╔══

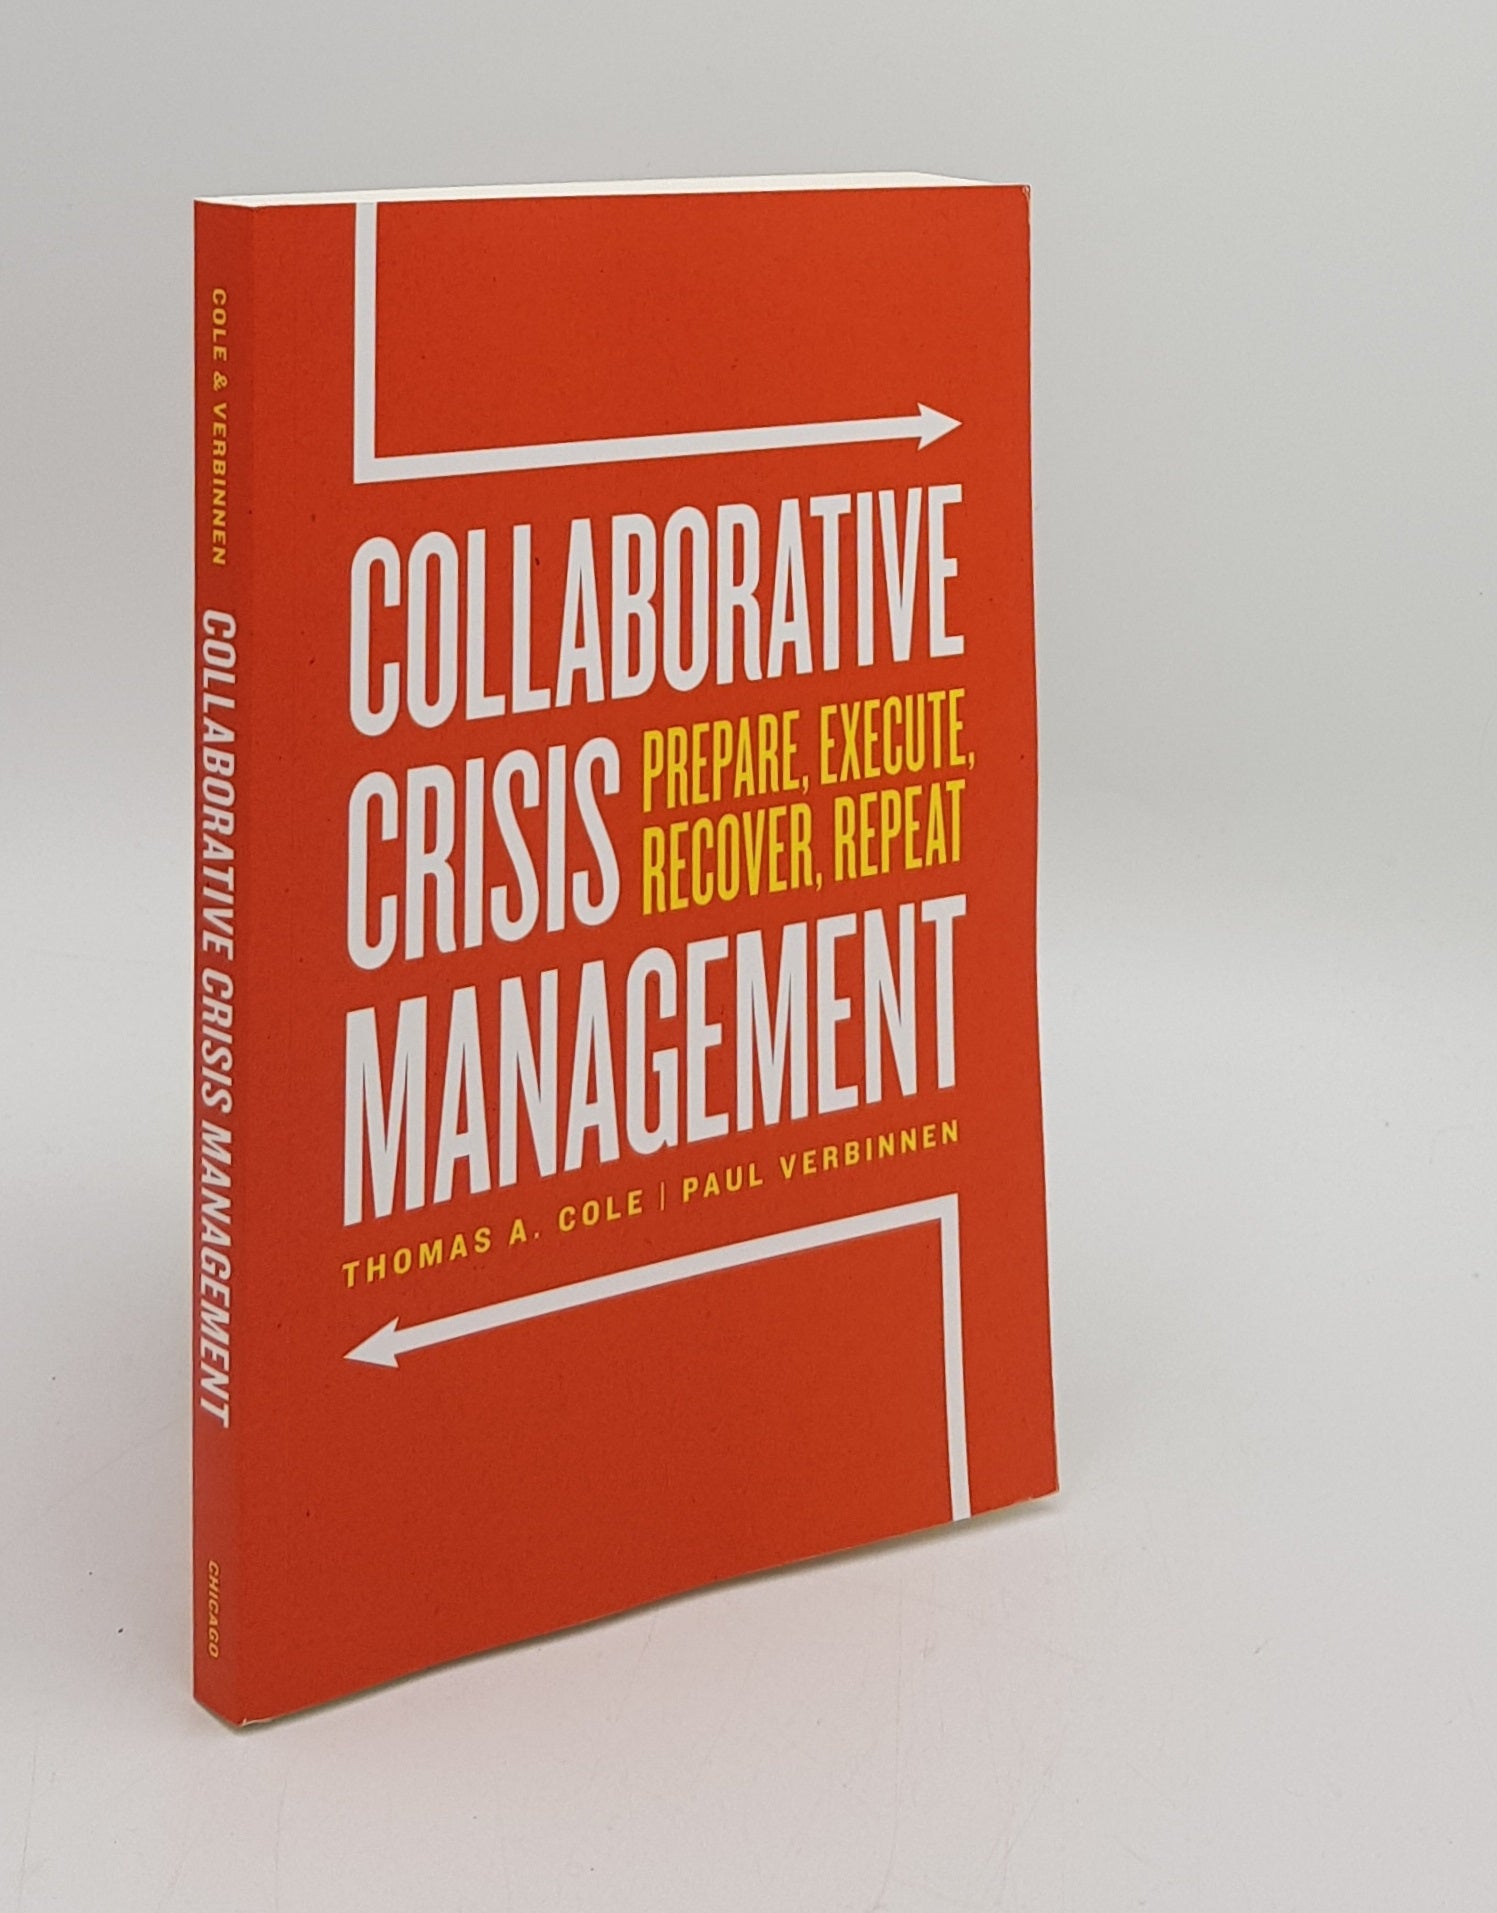 COLE Thomas A., VERBINNEN Paul - Collaborative Crisis Management Prepare Execute Recover Repeat
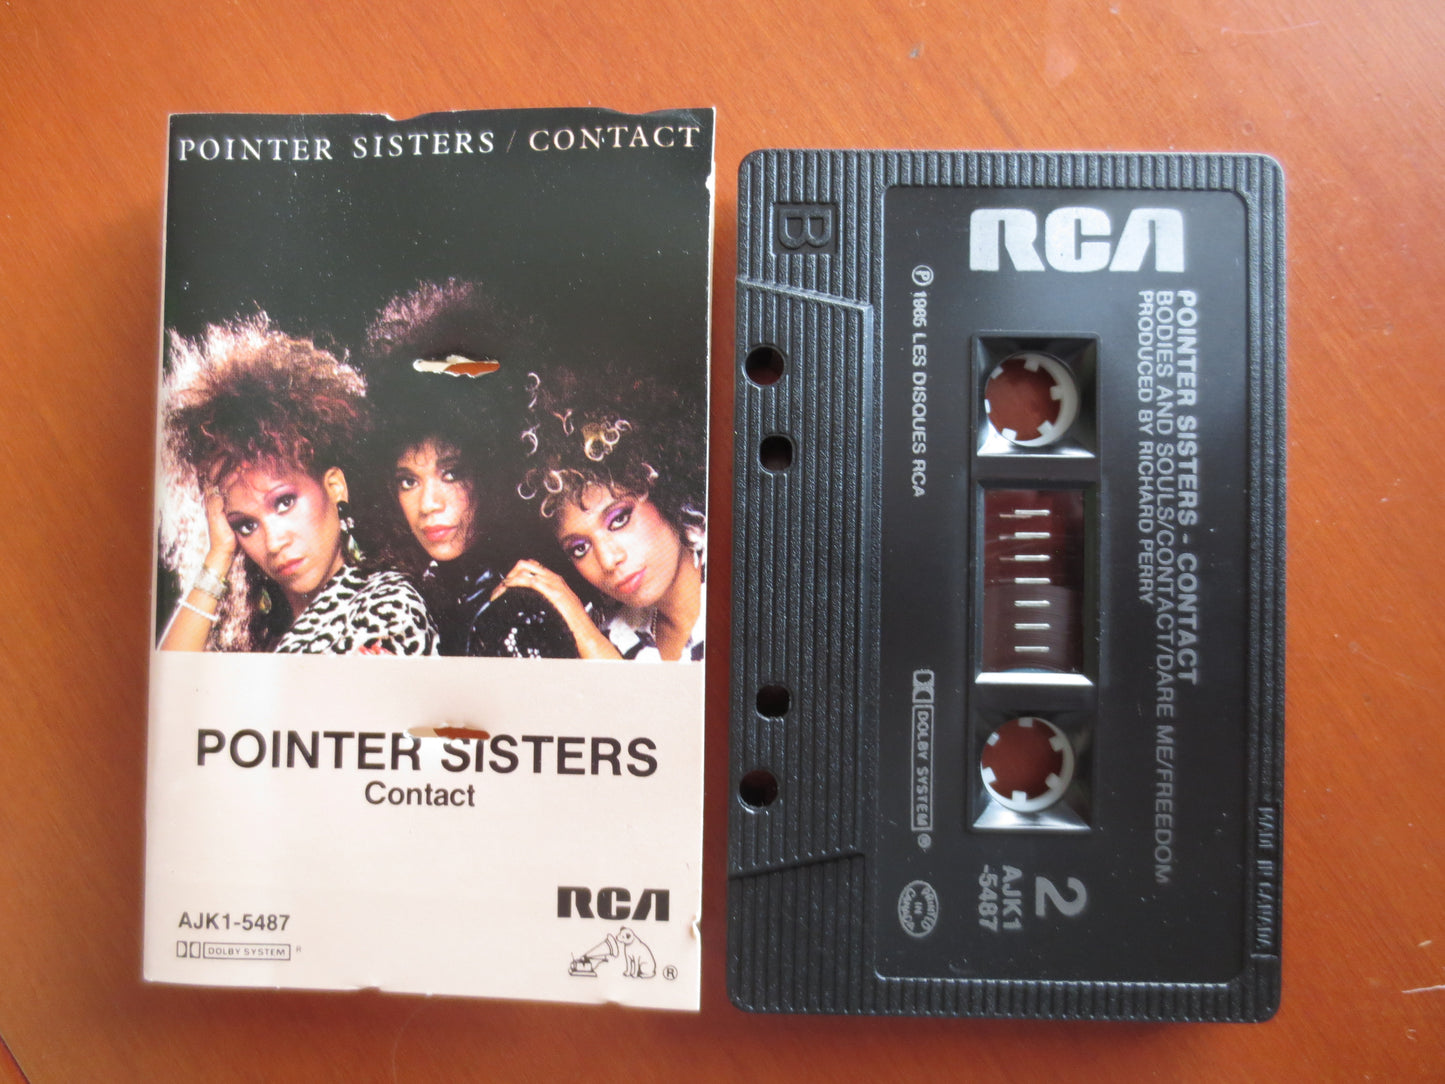 The POINTER SISTERS, Contact Album, POINTER Sisters Tape, Disco Music Cassette, Tape Cassette, Pop Cassette, 1985 Cassette
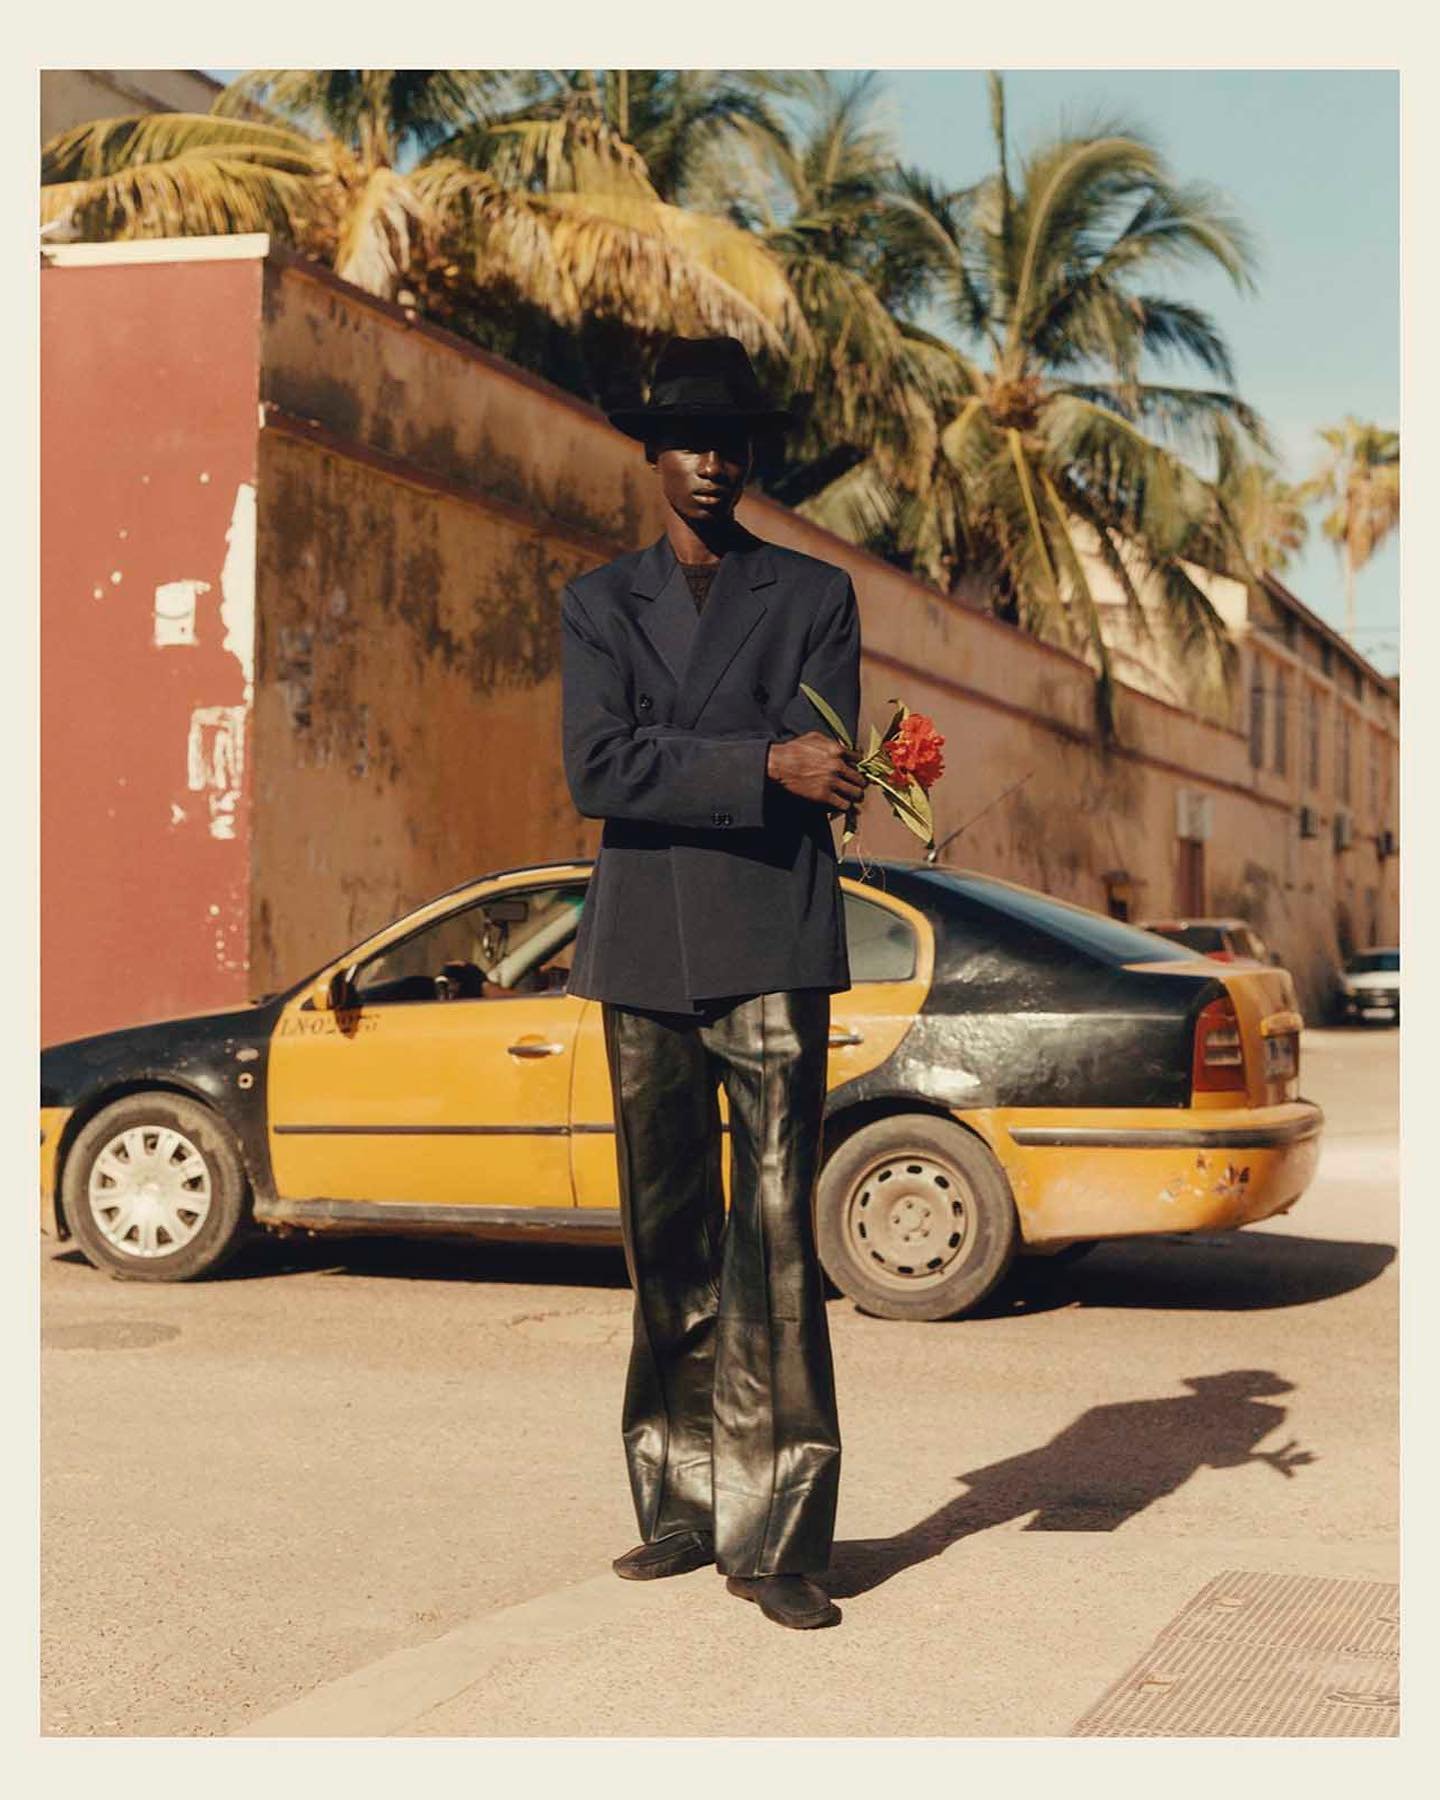 Quentin-De-Briey-in-Senegal-HTSI-Magazine-00009.jpg

╚══

:: Exercise ::
Give the material above again exactly as it stands, minus any images.

:: Response to this exercise ::
 COLE Thomas A., VERBINNEN Paul - Collaborative Crisis Management Prepare Execute Recover Repeat
 The POINTER SISTERS, Contact Album, POINTER Sisters Tape, Disco Music Cassette, Tape Cassette, Pop Cassette, 1985 Cassette
 Quentin-De-Briey-in-Senegal-HTSI-Magazine-00009.jpg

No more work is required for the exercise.